Available data:

....

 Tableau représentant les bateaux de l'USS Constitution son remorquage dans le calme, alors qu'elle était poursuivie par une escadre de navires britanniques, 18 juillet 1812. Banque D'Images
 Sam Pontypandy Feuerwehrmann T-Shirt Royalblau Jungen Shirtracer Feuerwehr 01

....

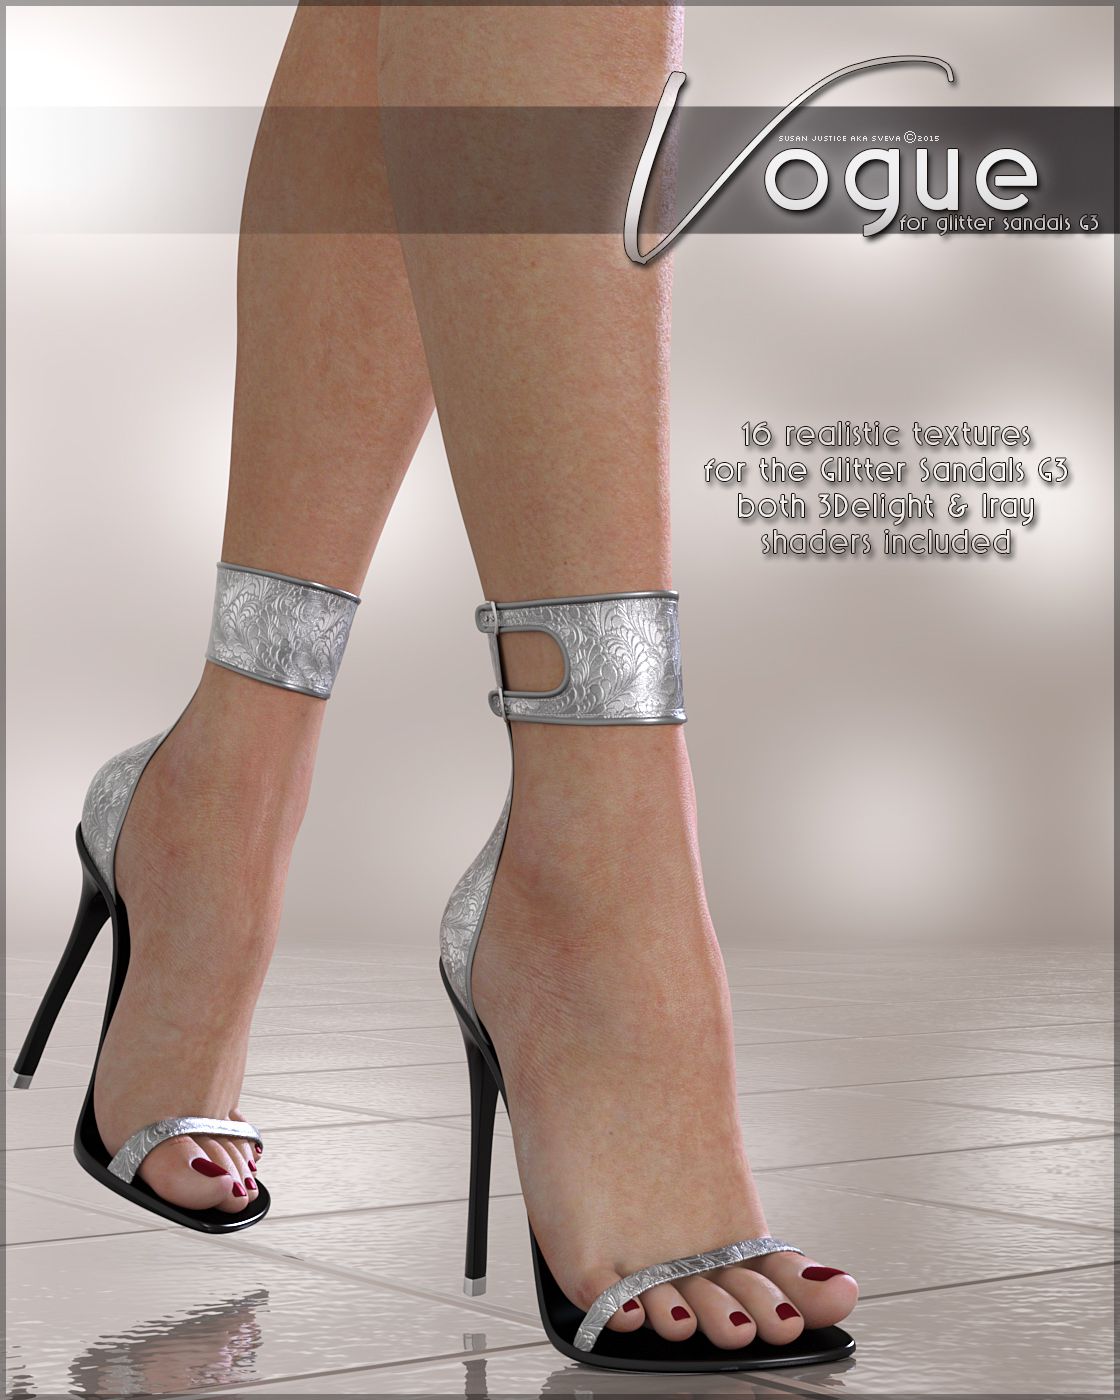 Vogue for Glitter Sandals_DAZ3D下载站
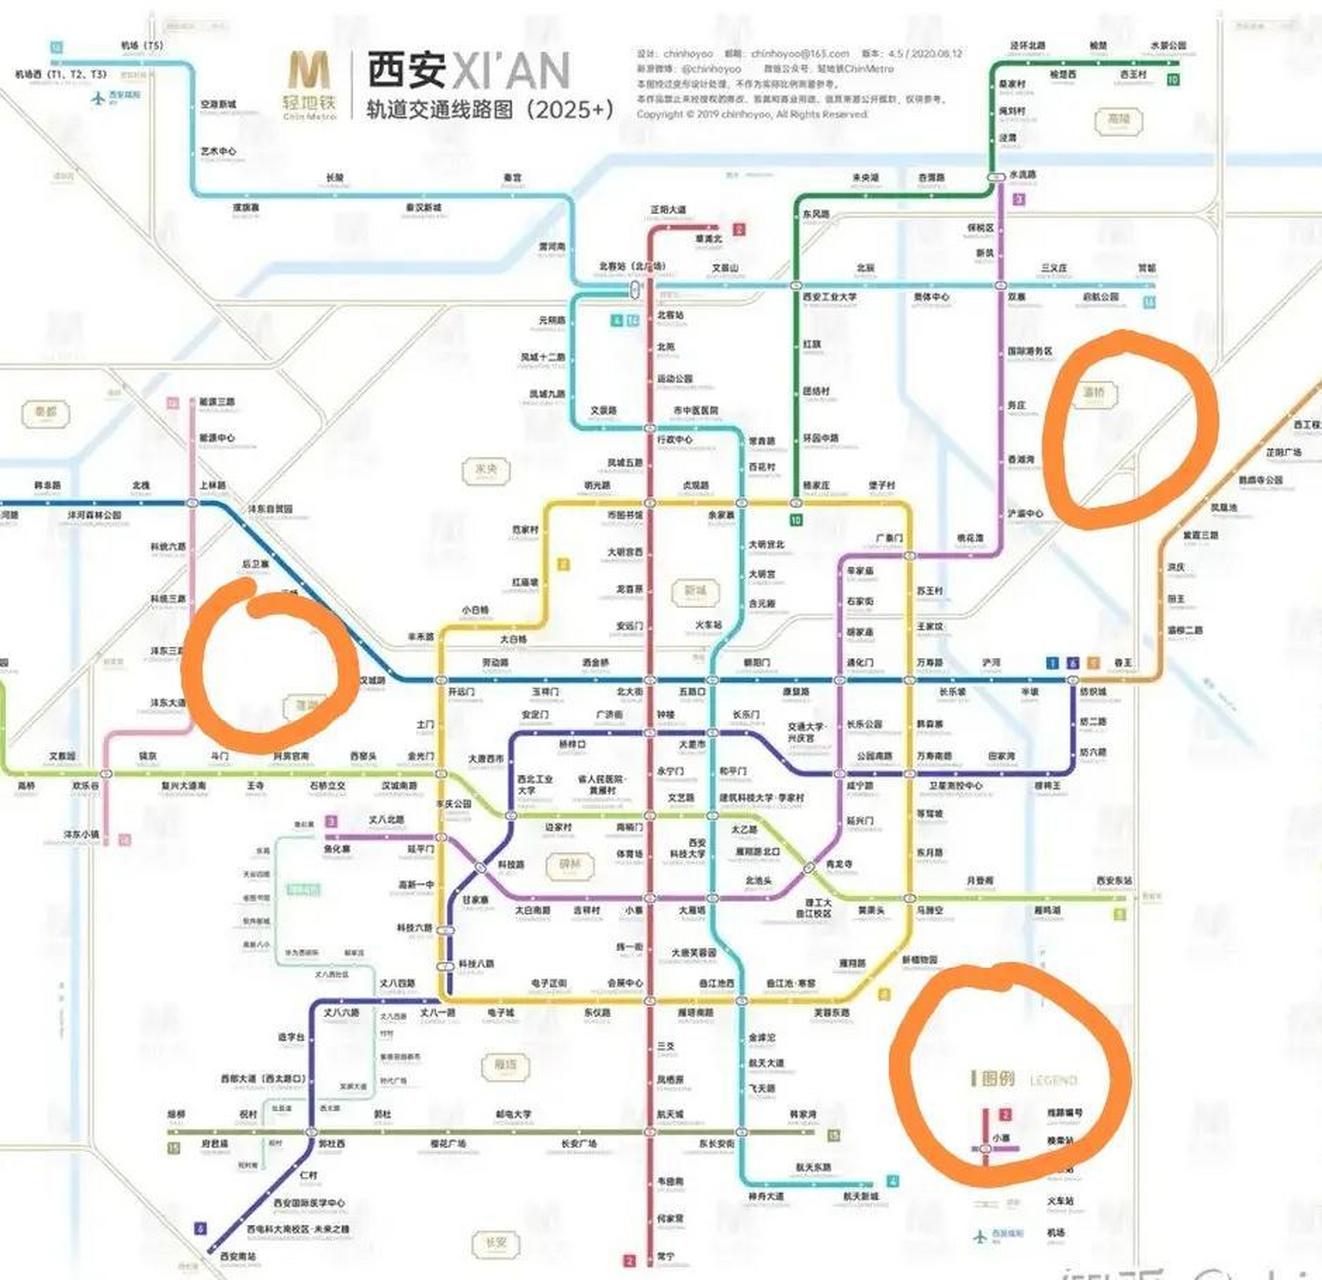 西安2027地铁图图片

....

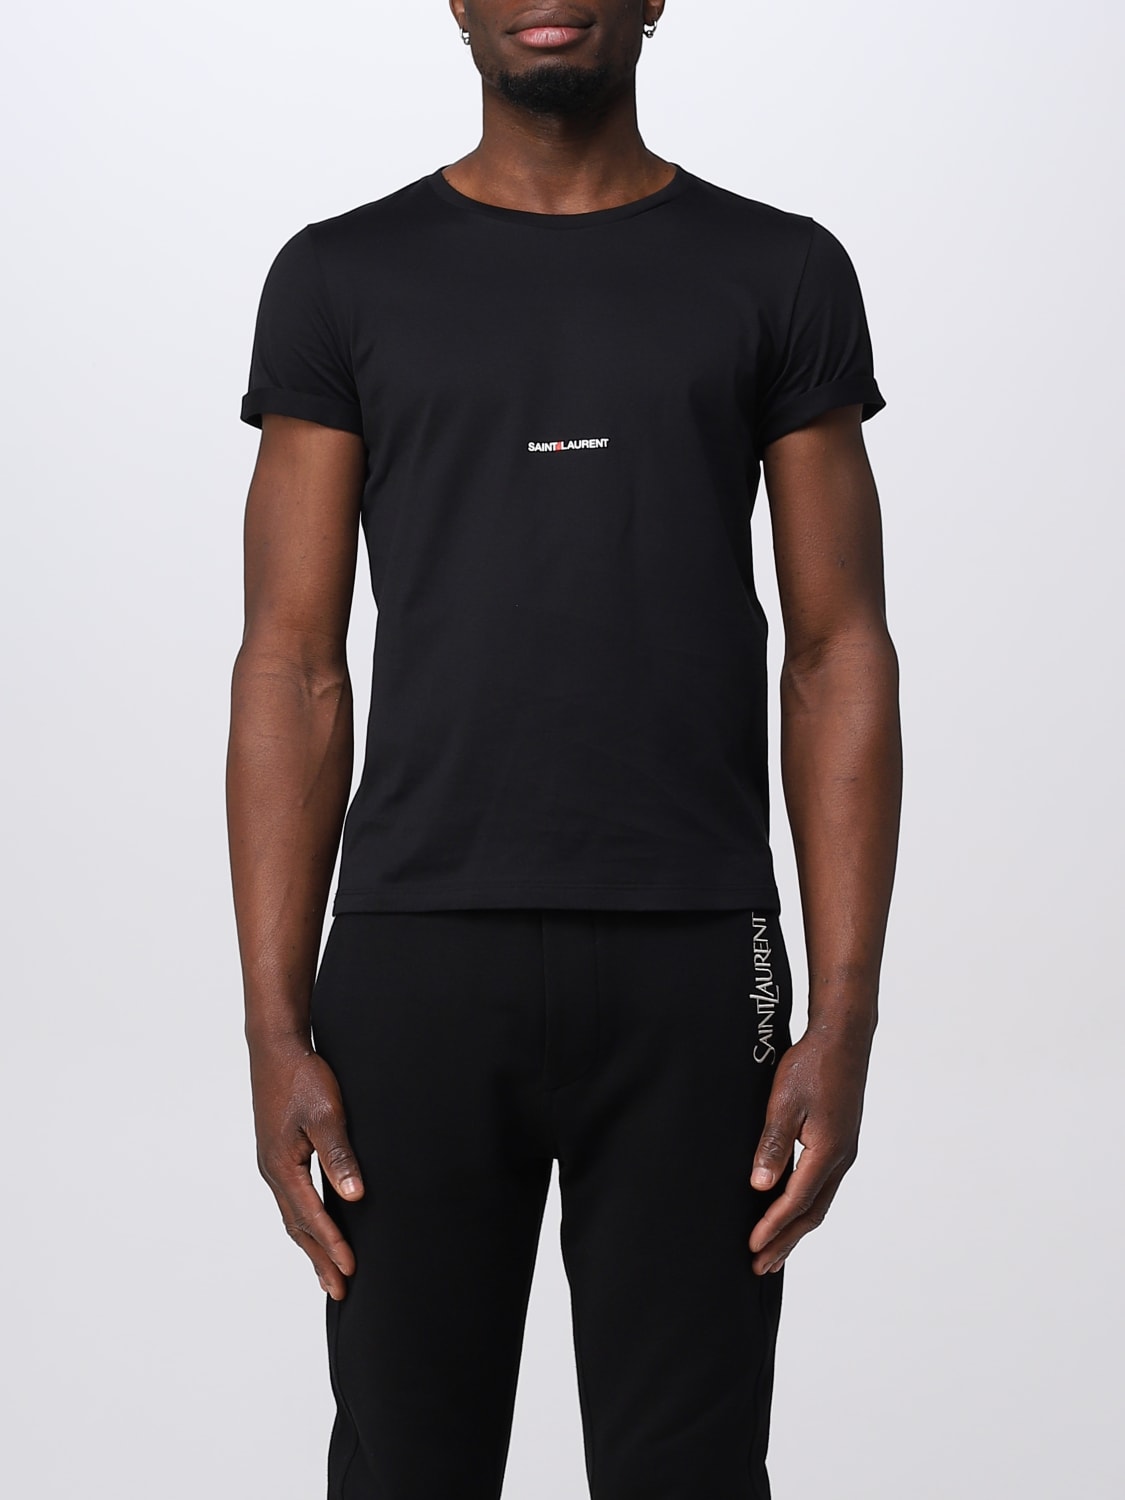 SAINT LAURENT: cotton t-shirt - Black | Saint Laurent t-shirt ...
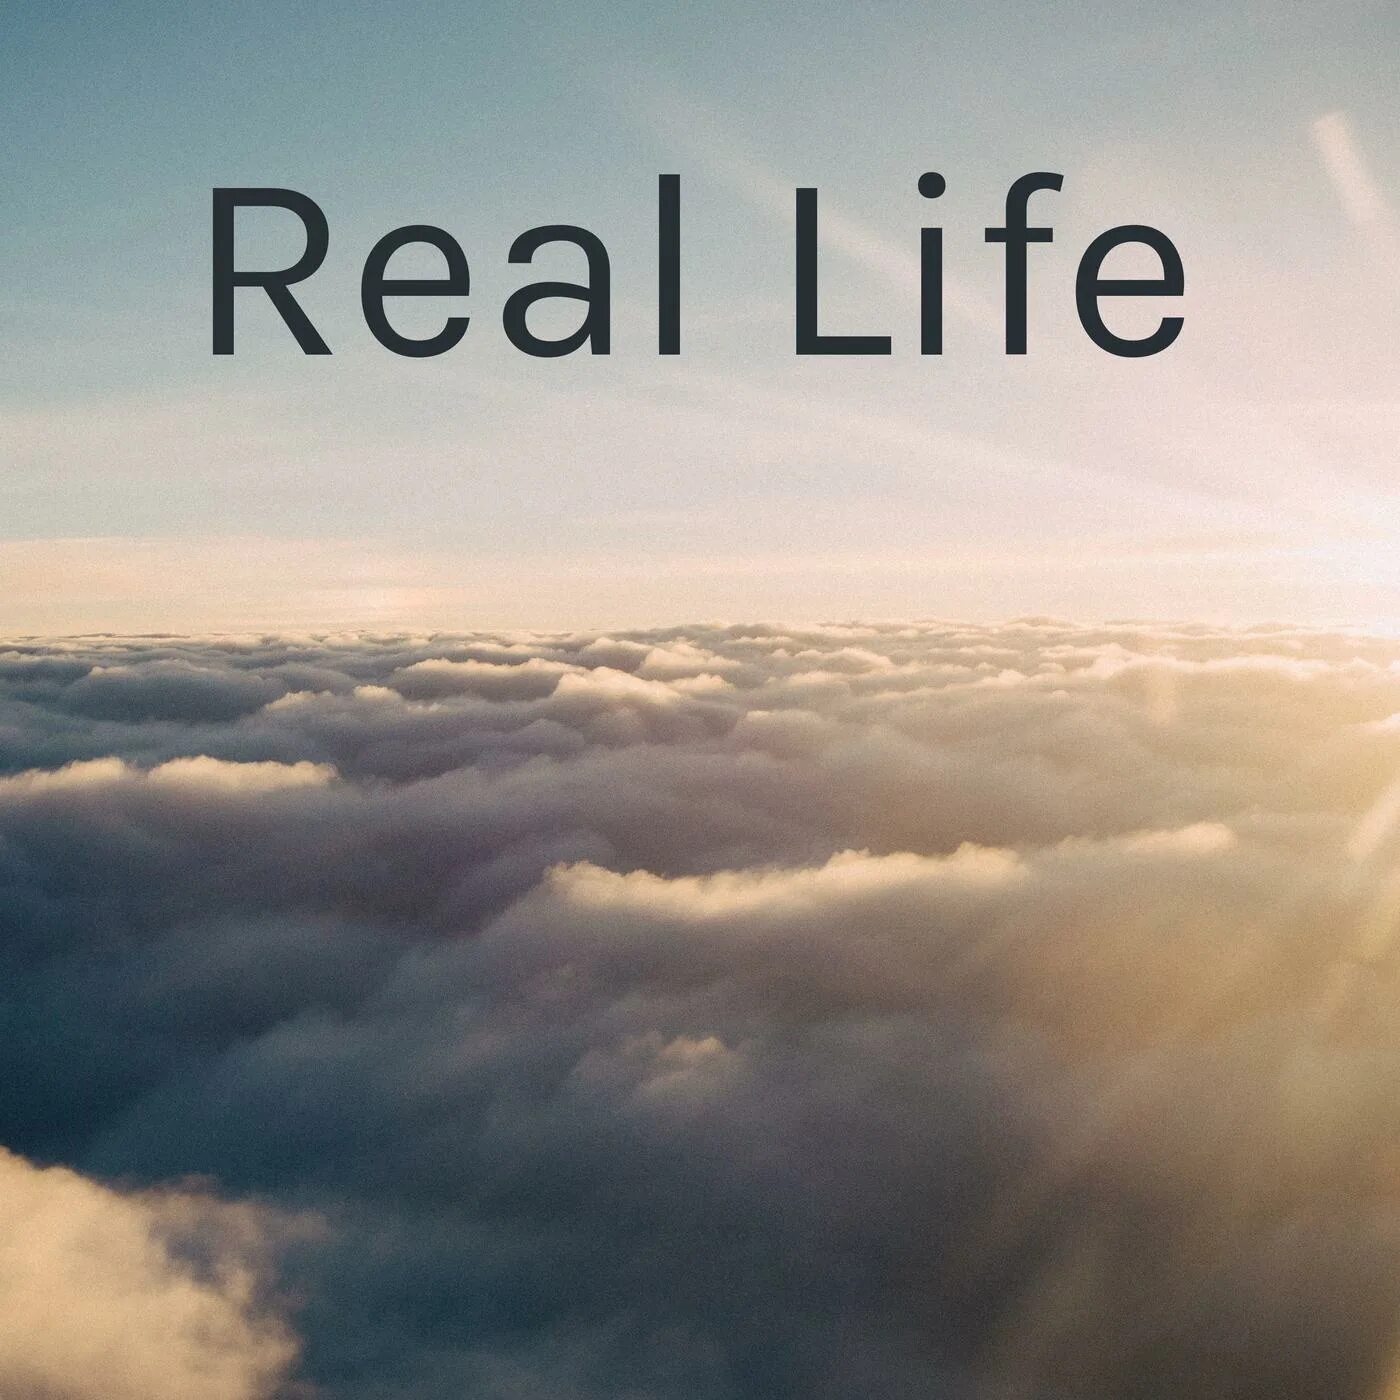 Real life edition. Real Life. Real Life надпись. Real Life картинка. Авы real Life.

....

Among the entries above, copy exactly only the lines starting with the one containing "Tableau représentant les" and going through the one containing "Sam Pontypandy Feuerwehrmann", both ends included.

 Tableau représentant les bateaux de l'USS Constitution son remorquage dans le calme, alors qu'elle était poursuivie par une escadre de navires britanniques, 18 juillet 1812. Banque D'Images
 Sam Pontypandy Feuerwehrmann T-Shirt Royalblau Jungen Shirtracer Feuerwehr 01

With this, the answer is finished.